I’ve been trying to categorize what I had in my mind with the provided options. I’m very interested to learn about the rationale used in selecting the domains provided. I have a feeling that these are somewhat related to the actual / current application areas, especially by big companies like nVidia.
Now I have some problems to actualize what I had in mind when suggesting this feature two years ago, such as:
- Machine command interfaces / intent systems (smart homes, IoT devices etc.)
- Subtitle generation / transcription / dictation / … in diverse areas (e.g. sports, fundamental sciences like math/chemistry/physics/material sciences/astronomy/…, many flavors of engineering, etc)
AFAIK, the main idea behind domain specific corpus is introduction of jargon, mostly technical terms, mostly Latin based - with correct spellings. These terms are mostly based on the higher education, so they should be written / spoken by people from that profession.
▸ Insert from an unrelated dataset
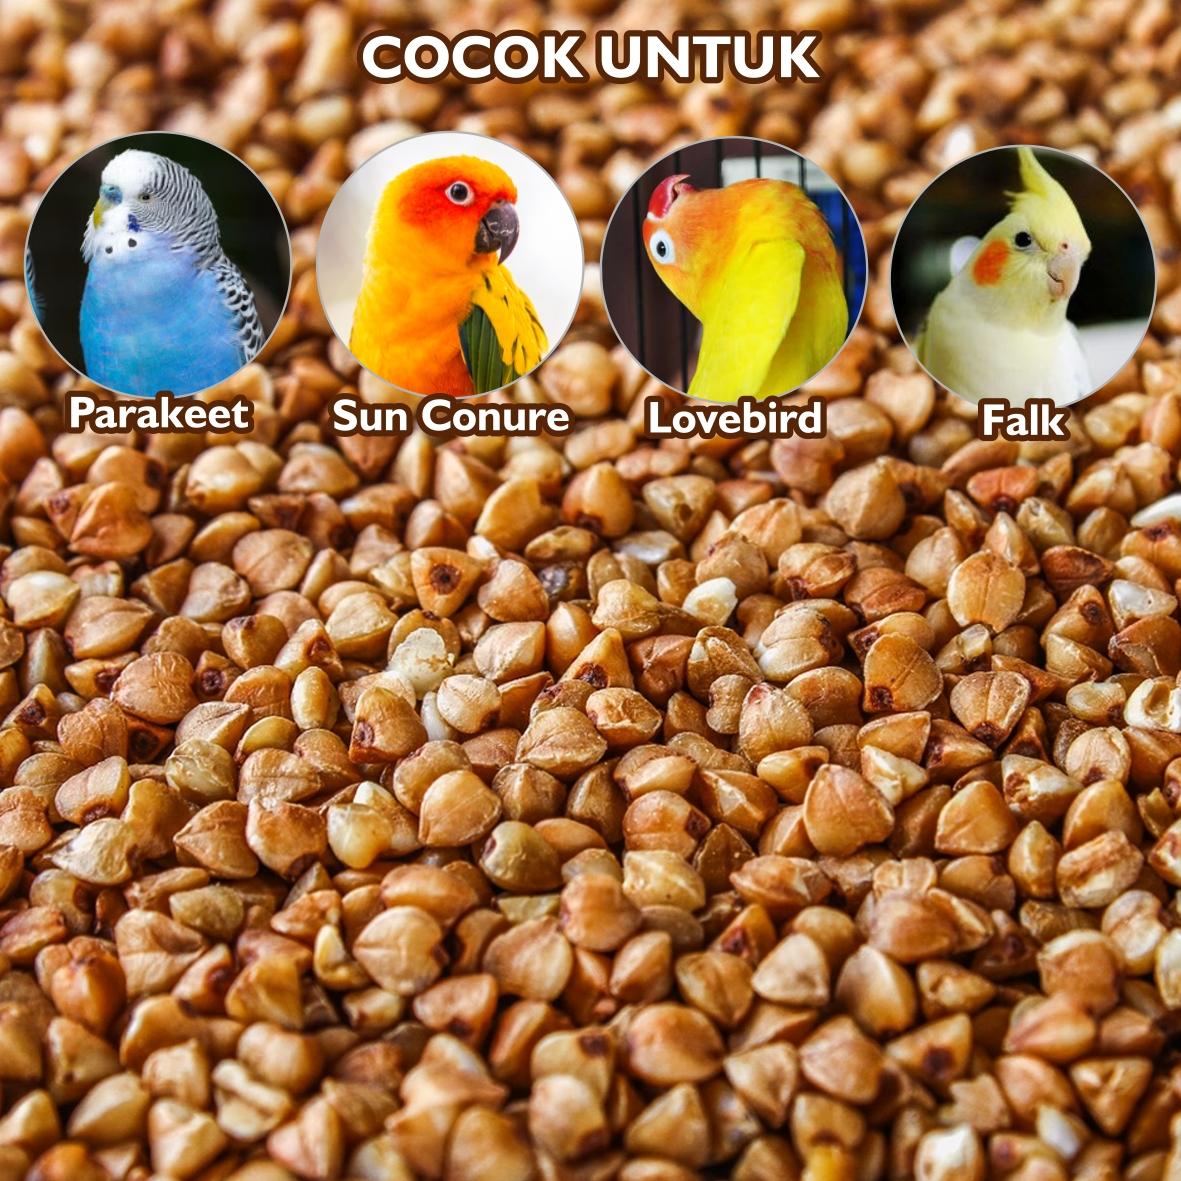 Organic Buckwheat Pakan Makanan Burung Lovebird Parakeet Parrot Paruh Bengkok Kenari Sun Conure Parkit Nuri Bakwet Falk Ternak Breeding Harian Buckrf Sempati Bird Shop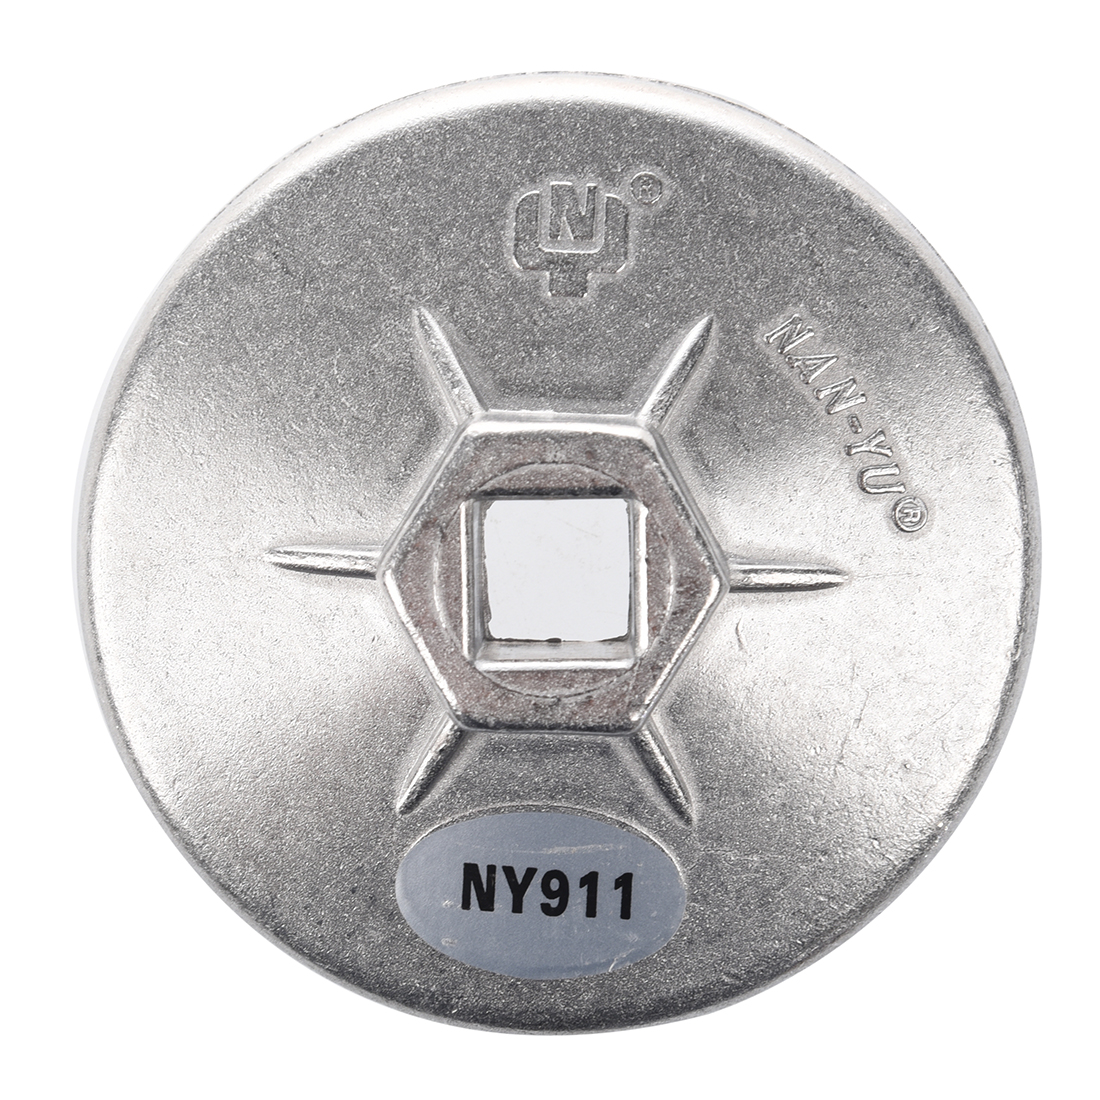 Both Sides Protrude Inside Diameter 76mm 12 Flutes Oil Filter Cartridge Cap Wrench Tool Socket Remover

With the current list, if people do not know the idea behind it, they will tend to categorize them wrongly - if my above understanding is correct. For me it should work like this:
- GENERAL: “If you have a fever, take an aspirin.”
- HEALTHCARE: “Acetylsalicylic acid, is a nonsteroidal anti-inflammatory drug used to reduce pain, fever, and/or inflammation, and as an antithrombotic.” (taken from Wikipedia)
But, people will tend to set the first one also to “Healthcare”…
I became aware of this problem during my last teaching session, when I used the sentence “Do you have a room with a hottub?” where I was trying to use the word “jakuzi” (jakuzzi) to get better distinction between “j” and “ş” sounds in Turkish, where our models struggle. People directly said that this is “tourism” related thus, should be under “service”. I beg to differ. “I don’t have any cash with me.” is not finance.
Correct domain labeling will also help the language models, especially during setting pruning thresholds. E.g. “antithrombotic” will be pruned out in a general model, but not in a domain specific one.
I hope this list can be extended in time, even can have free-form / project based titles, so that people can create their own titles here. I also hope that the project team discusses such important features with communities before implementing them - like we did in the past.